Hospital 30-day readmissions
| Clavien-Dindo classification | Type of complication | Outpatient (n = 6/427) | Inpatient (n = 6/211) |
|---|---|---|---|
| Grade I | Dysphagia | 1 (.5%) | |
| Dyspnea | 1 (.2%) | ||
| Intra-abdominal bleed without transfusion | 1 (.2%) | ||
| Nausea/emesis/dehydration | 4 (1.9%) | ||
| Grade II | Diabetic ketoacidosis (no ICU) | 1 (.2%) | |
| Intra-abdominal bleed with transfusion | |||
| Mesenteric/portal vein thrombosis | 1 (.2%) | 1 (.5%) | |
| Surgical-site infection | 1 (.2%) | ||
| Grade IIIa | |||
| Grade IIIb | Unrelated surgery (cervical spine fusion) | 1 (.2%) | |
| Grade IV | None | None | |
| Grade V | None | None |
ICU = intensive care unit.
Monthly frequency of outpatient sleeve gastrectomy at Hospital 1 rose from 13% in February 2020 to 96% in November 2020. After all 5 hospitals had initiated the protocol, the monthly frequency of outpatient sleeve gastrectomy increased as high as 71%. The number of monthly LSG varied with reduced volumes corresponding to the US COVID-19 pandemic surges (Fig. 1 ).
Fig. 1.
The frequency of outpatient sleeve gastrectomy at Hospital 1 increased from 13% in February 2020 to 96% in November 2020. After initiation of the outpatient sleeve gastrectomy protocol at all five hospitals, the regional frequency of outpatient sleeve gastrectomy increased as high as 71%.
Discussion
The COVID-19 pandemic altered the healthcare landscape.

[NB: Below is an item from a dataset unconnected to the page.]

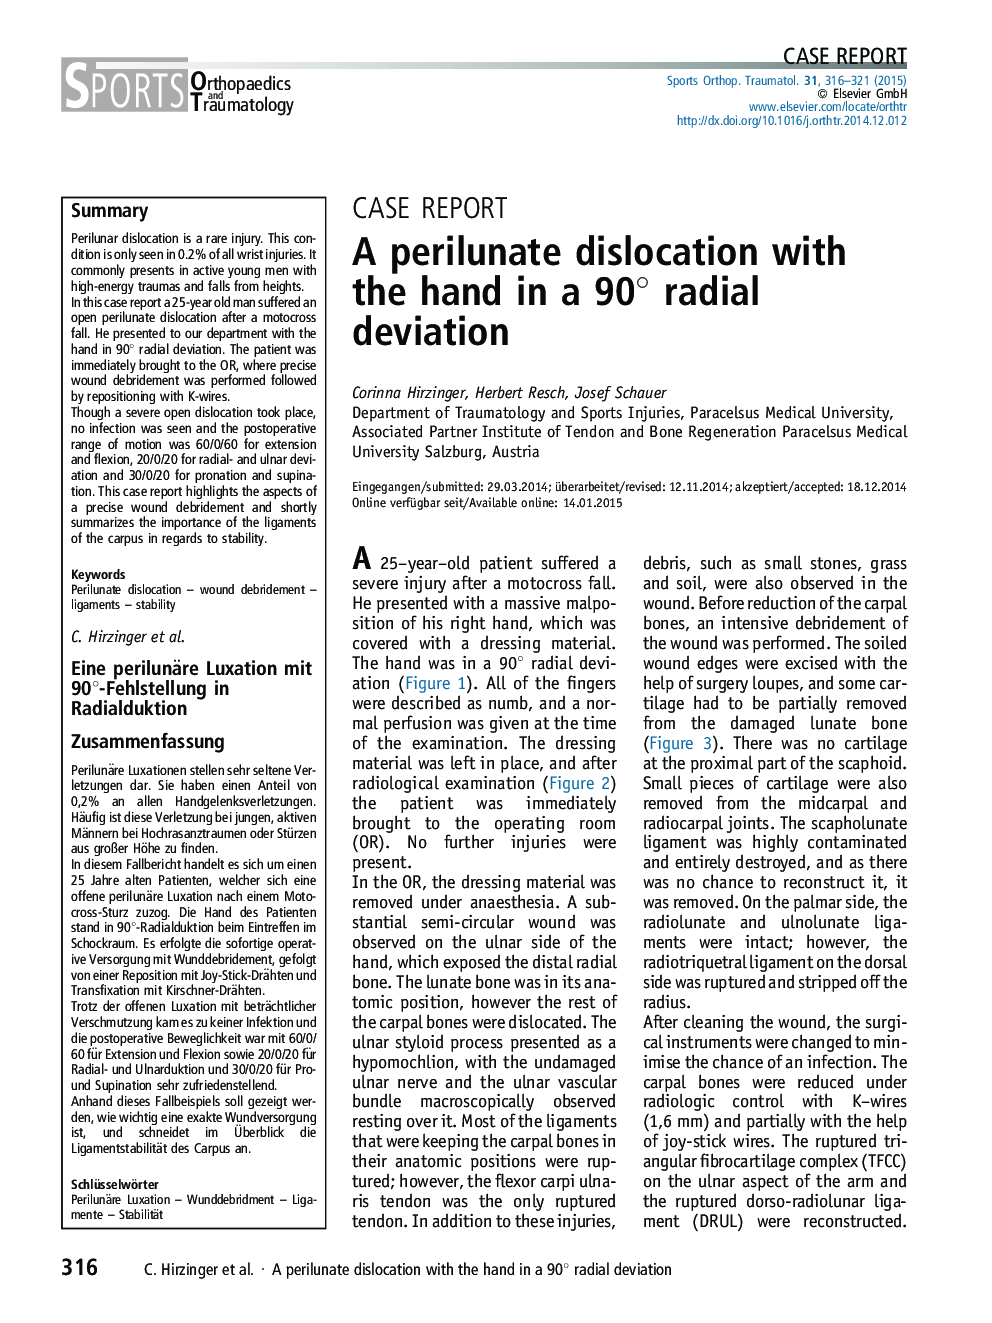 A perilunate dislocation with the hand in a 90Â° radial deviation

It introduced fears regarding nosocomial infection in postoperative patients in tandem with healthcare resource obstacles [8]. To alleviate hospital resources, elective surgeries across the US were postponed maintaining hospital vacancy [6,8,9]. Cessation of elective surgery compounded financial stress felt by healthcare systems as elective surgery is a major source of revenue for hospitals [10]. This crossroads of public safety and financial pressure led to a growing interest in outpatient surgery by many surgical specialties and hospital administrators [8,11].
Outpatient sleeve gastrectomy has been described in the literature for nearly a decade. Most studies tout the short-term safety of outpatient sleeve gastrectomy with appropriate patient selection and postoperative protocols [[12], [13], [14], [15], [16], [17], [18]]. Yet, despite the known cost effectiveness, feasibility, and safety, few surgeons have adopted the practice [4]. For the authors’ healthcare system, the COVID-19 pandemic was the nidus needed to fully investigate and adopt outpatient sleeve gastrectomy to provide timely access to care.
In this study, improved efficacy for the outpatient sleeve gastrectomy protocol was found with direct discharge from the PACU rather than the surgical floor. The etiology of this is likely multifactorial. PACU nurses may be more comfortable with reassuring and educating patients on early discharge after surgery. There may also be a psychological component where admission to a quiet room on a surgical floor could make patients apathetic to outpatient surgery. Finally, the fear associated with the COVID-19 pandemic may have motivated patients to be more willing to opt for outpatient surgery [8,10,19]. It should be noted, in this study, the average LOS for outpatient sleeve gastrectomy patients was 7 ± 2 hours. This corelates to an approximately 4-hour PACU stay. Four hours is an increased duration as compared with other traditional outpatient surgeries such as the laparoscopic cholecystectomy or inguinal hernia repair. Administrative discussions and support were needed to allow for the increased staffing requirements.
One notable difference between this study and other previously published outpatient sleeve gastrectomy studies is patient selection. In general, previous studies mandate strict exclusion criteria for outpatient sleeve gastrectomy to minimize potential risk. Various exclusions consist of age, weight/BMI, operative duration, mobility status, co-morbidities, American Society of Anesthesiologists class, and revisions [12,13,15,16]. The authors maintained minimal exclusion criteria for outpatient sleeve gastrectomy allowing higher emphasis on individual patient reserve and motivation. Patients that crossed from the outpatient to inpatient arm were more commonly older, had co-morbidities such as diabetes, hypertension, and obstructive sleep apnea, and had longer operative times. This conversion from outpatient to inpatient arm was not seen as a failure but rather a success as postoperative outcomes were equivalent between the cohorts. This indicates that postoperative patient and surgeon judgment regarding need for admission is a reliable indicator to ensure patient safety.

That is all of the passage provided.